● **Aim of the task**:
Repeat the listing below exactly from the line with "Neue Justiz (NJ), Zeitschrift" through its last line. Skip every picture.

● **Data block**:
==*==
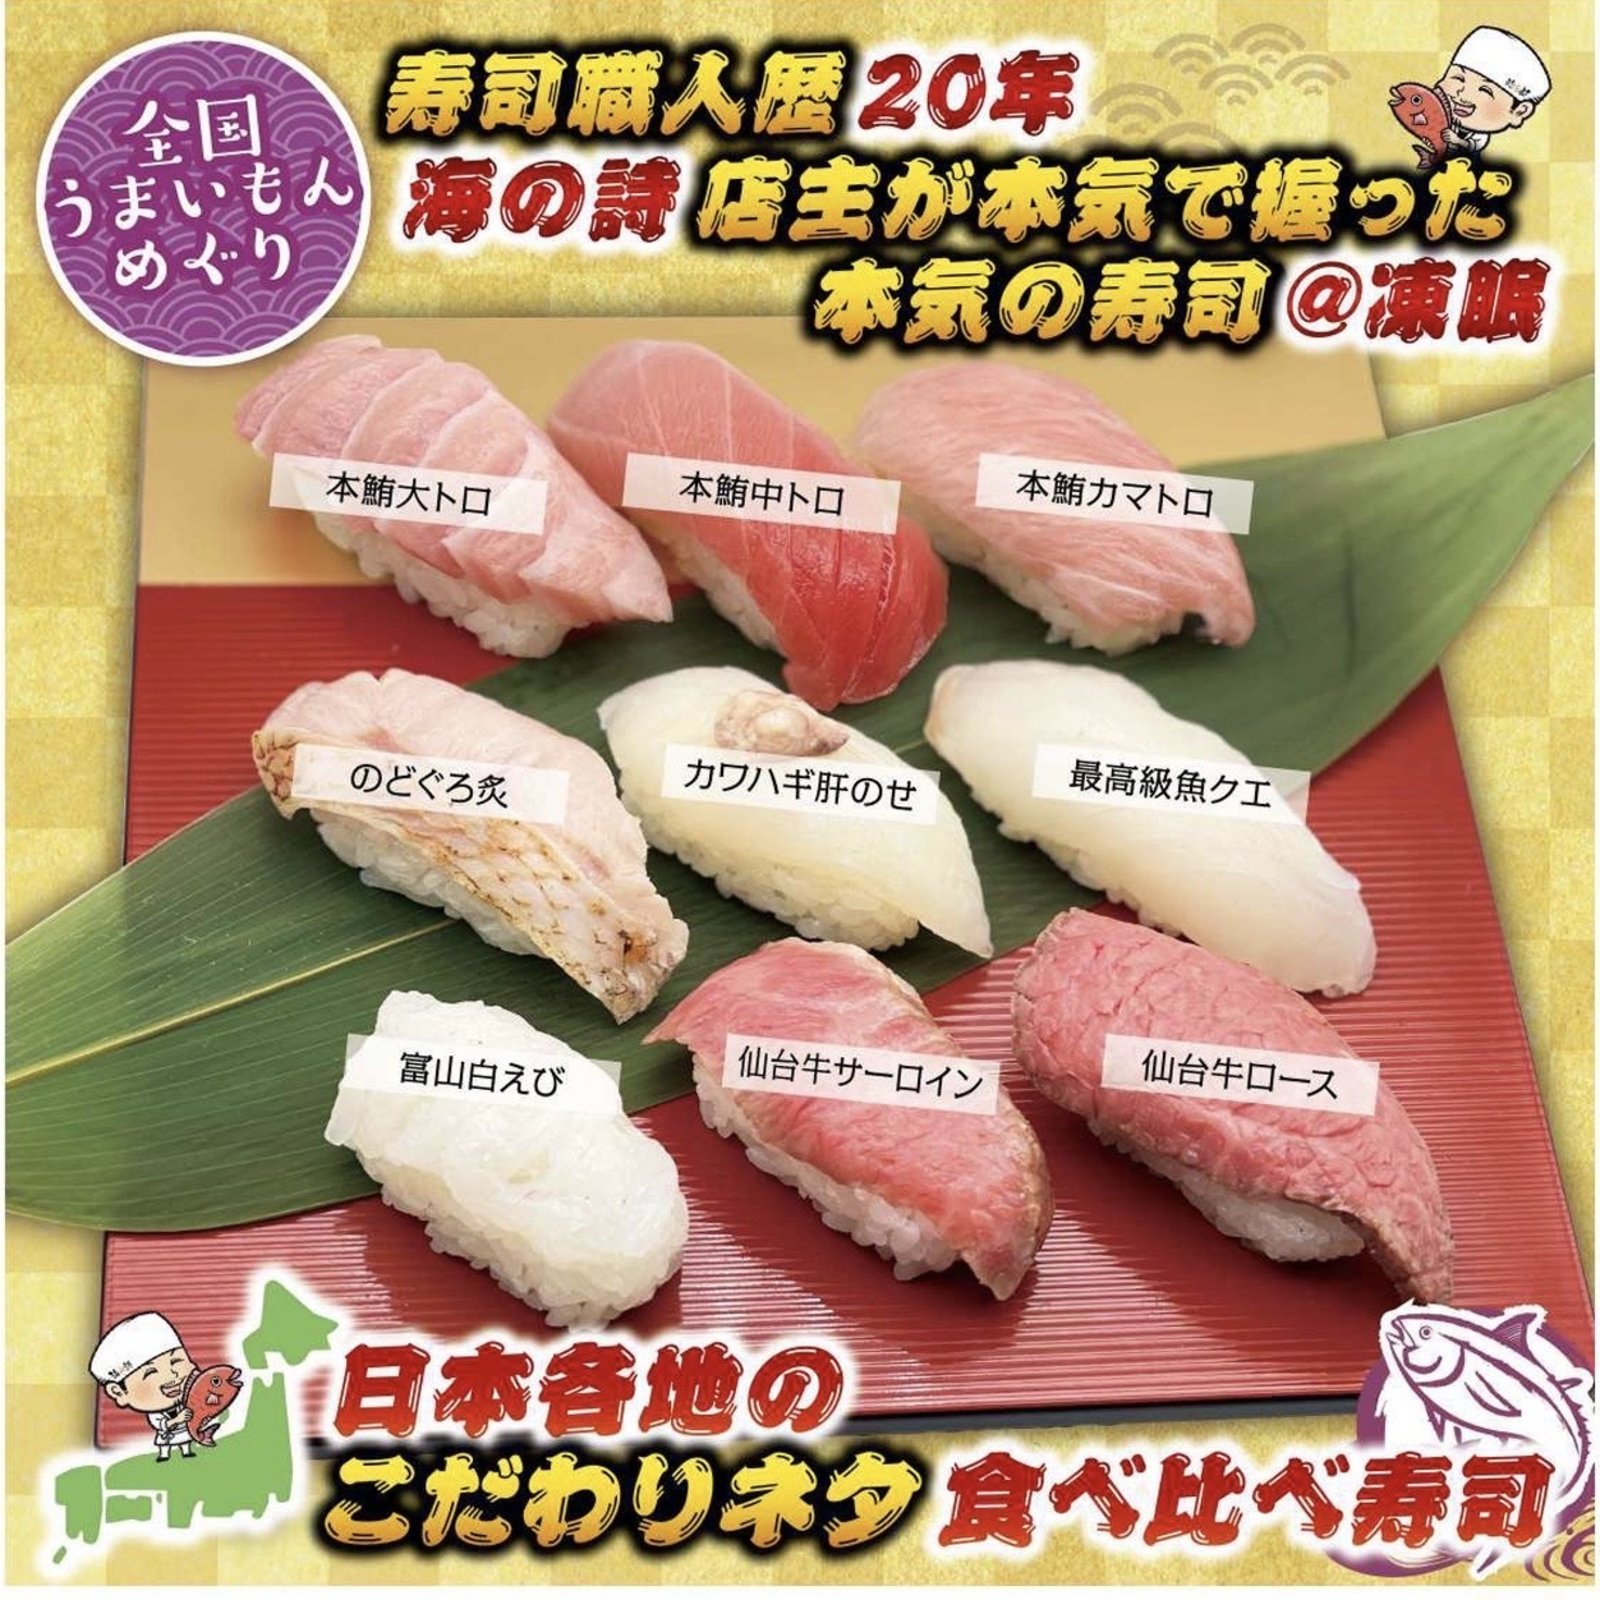 □1番人気□絶対オススメ□日本各地のこだわりネタ 食べ比べ寿司
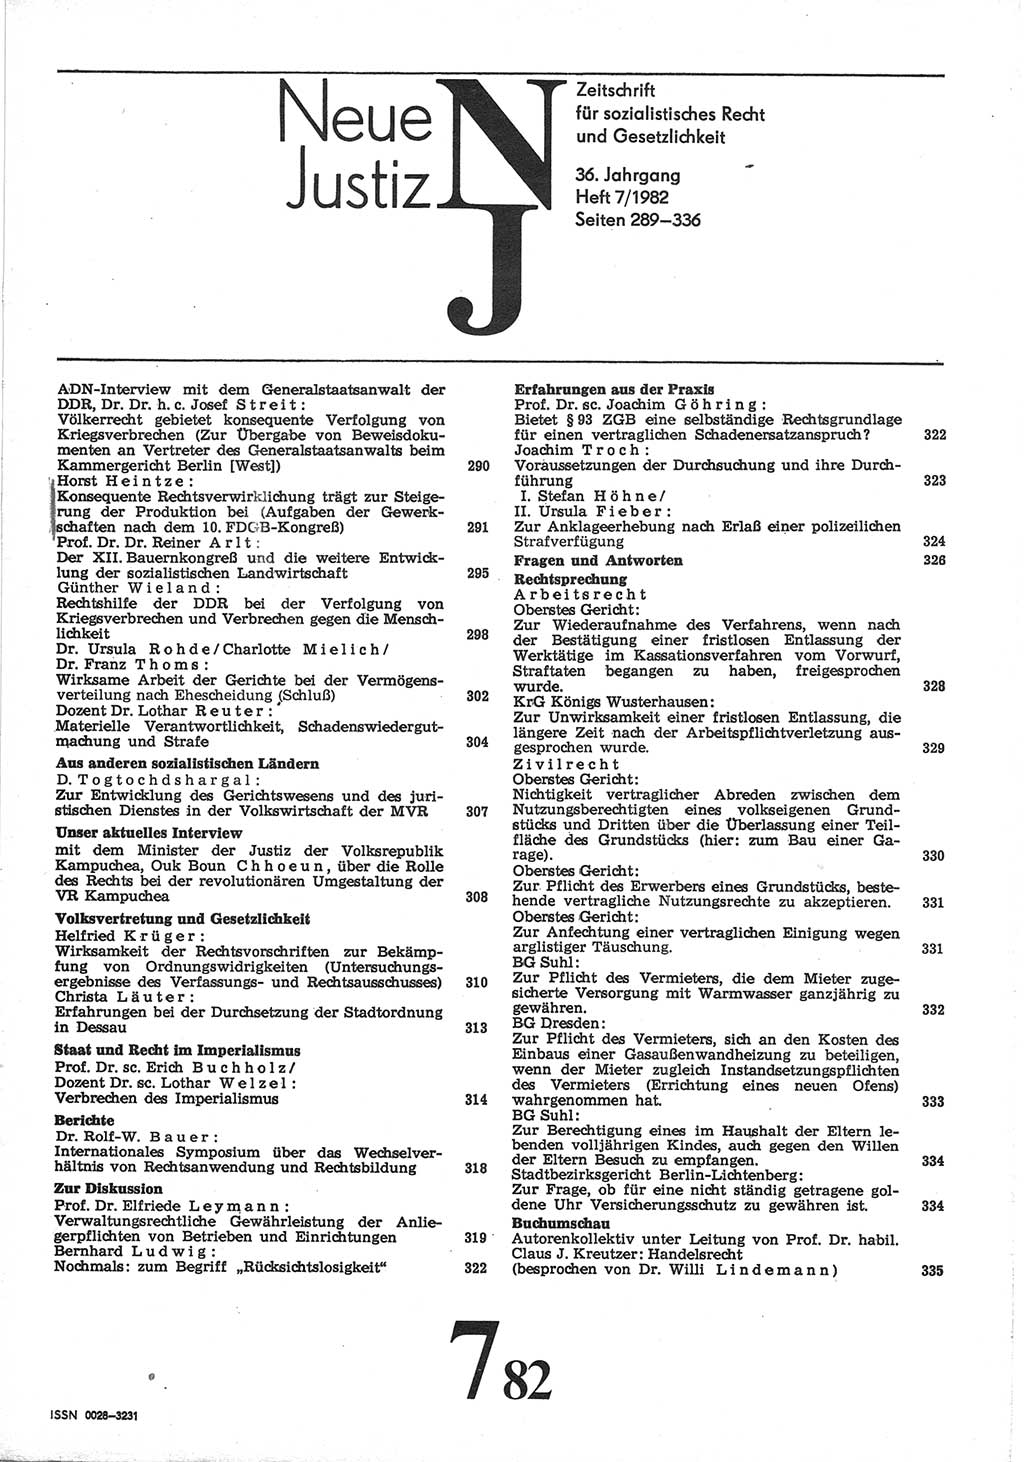 Neue Justiz (NJ), Zeitschrift für sozialistisches Recht und Gesetzlichkeit [Deutsche Demokratische Republik (DDR)], 36. Jahrgang 1982, Seite 289 (NJ DDR 1982, S. 289)
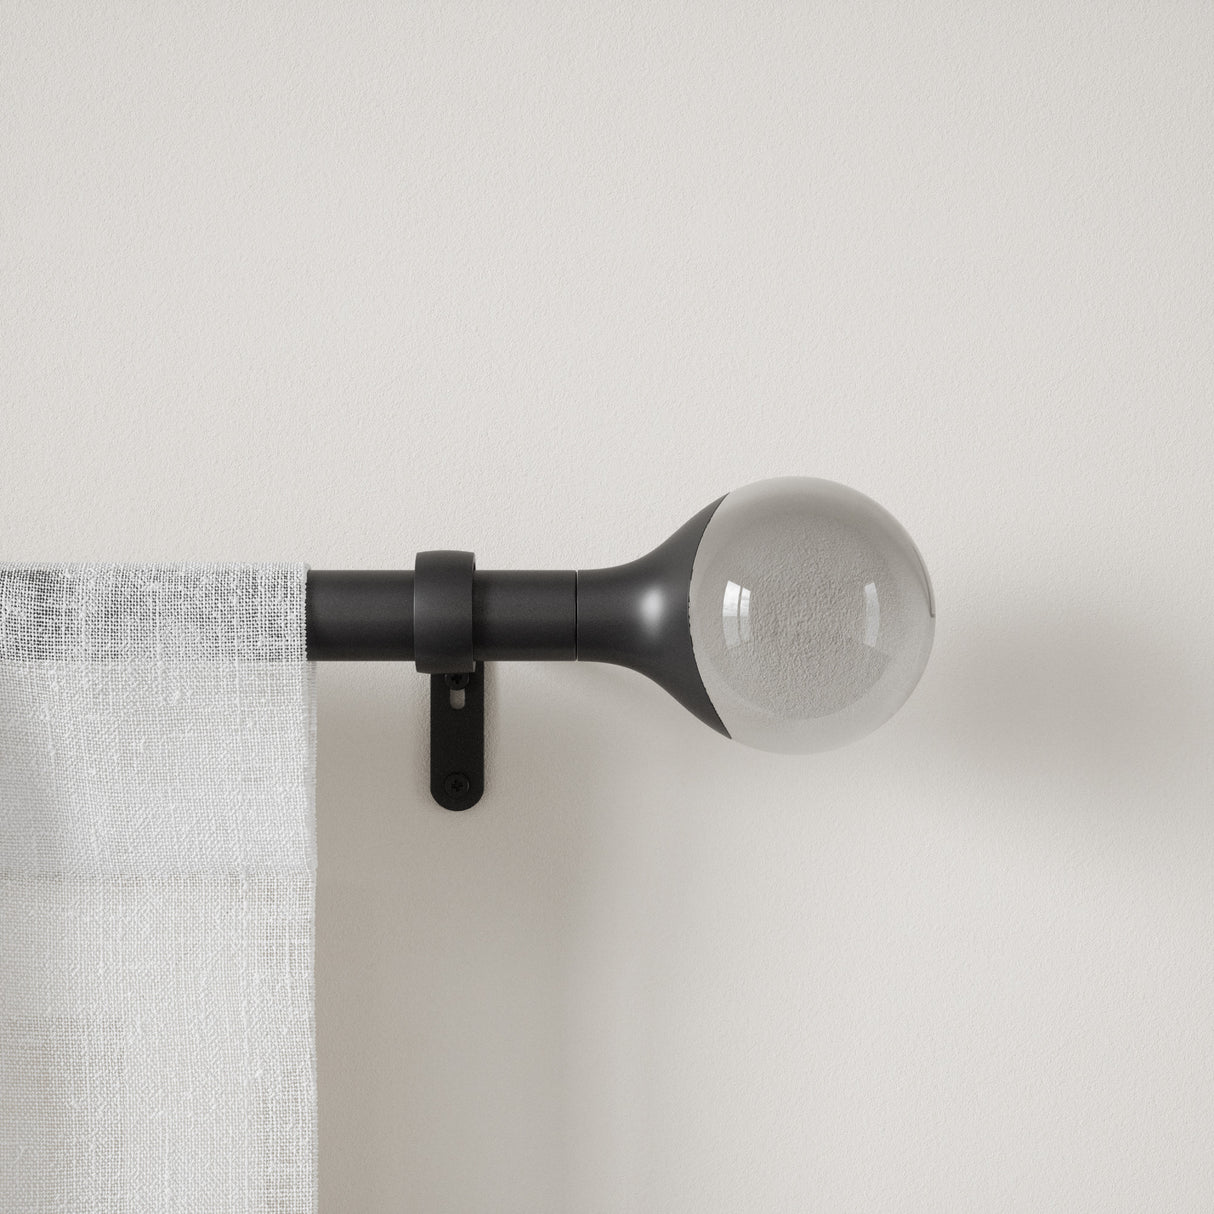 Single Curtain Rods | color: Eco-Friendly Matte-Black | size: 36-72" (91-183 cm) | diameter: 1" (2.5 cm) | Hover
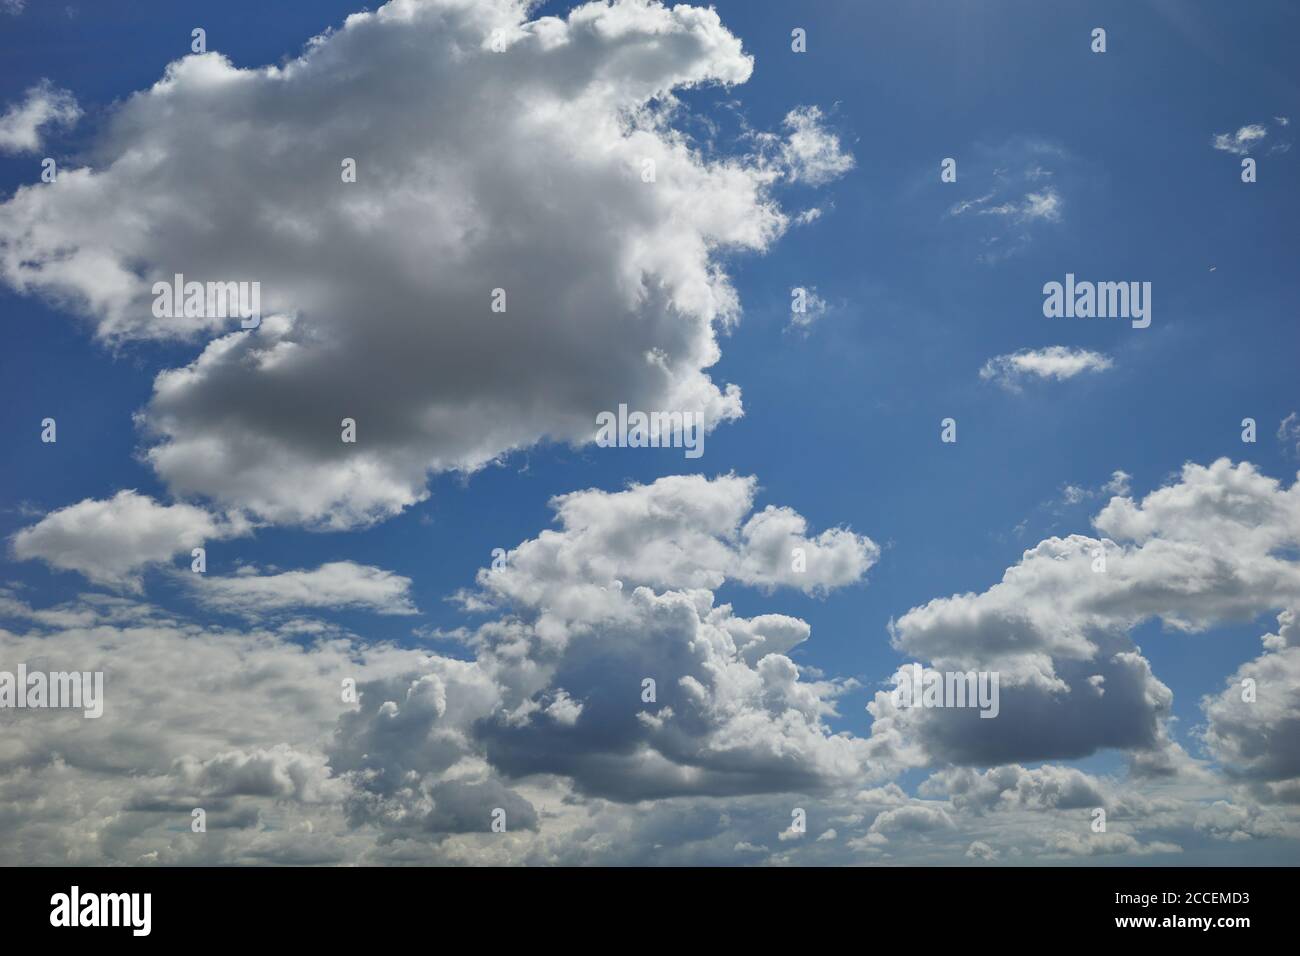 Entzückende Wolken fliegen am blauen Himmel. Regenwolkenbildung am blauen Himmel. Hintergrund für Vorhersage und Meteorologie Illustration Stockfoto
==*==
● **Result of this exercise**:
 Neue Justiz (NJ), Zeitschrift für sozialistisches Recht und Gesetzlichkeit [Deutsche Demokratische Republik (DDR)], 36. Jahrgang 1982, Seite 289 (NJ DDR 1982, S. 289)
 Single Curtain Rods | color: Eco-Friendly Matte-Black | size: 36-72" (91-183 cm) | diameter: 1" (2.5 cm) | Hover
 Entzückende Wolken fliegen am blauen Himmel. Regenwolkenbildung am blauen Himmel. Hintergrund für Vorhersage und Meteorologie Illustration Stockfoto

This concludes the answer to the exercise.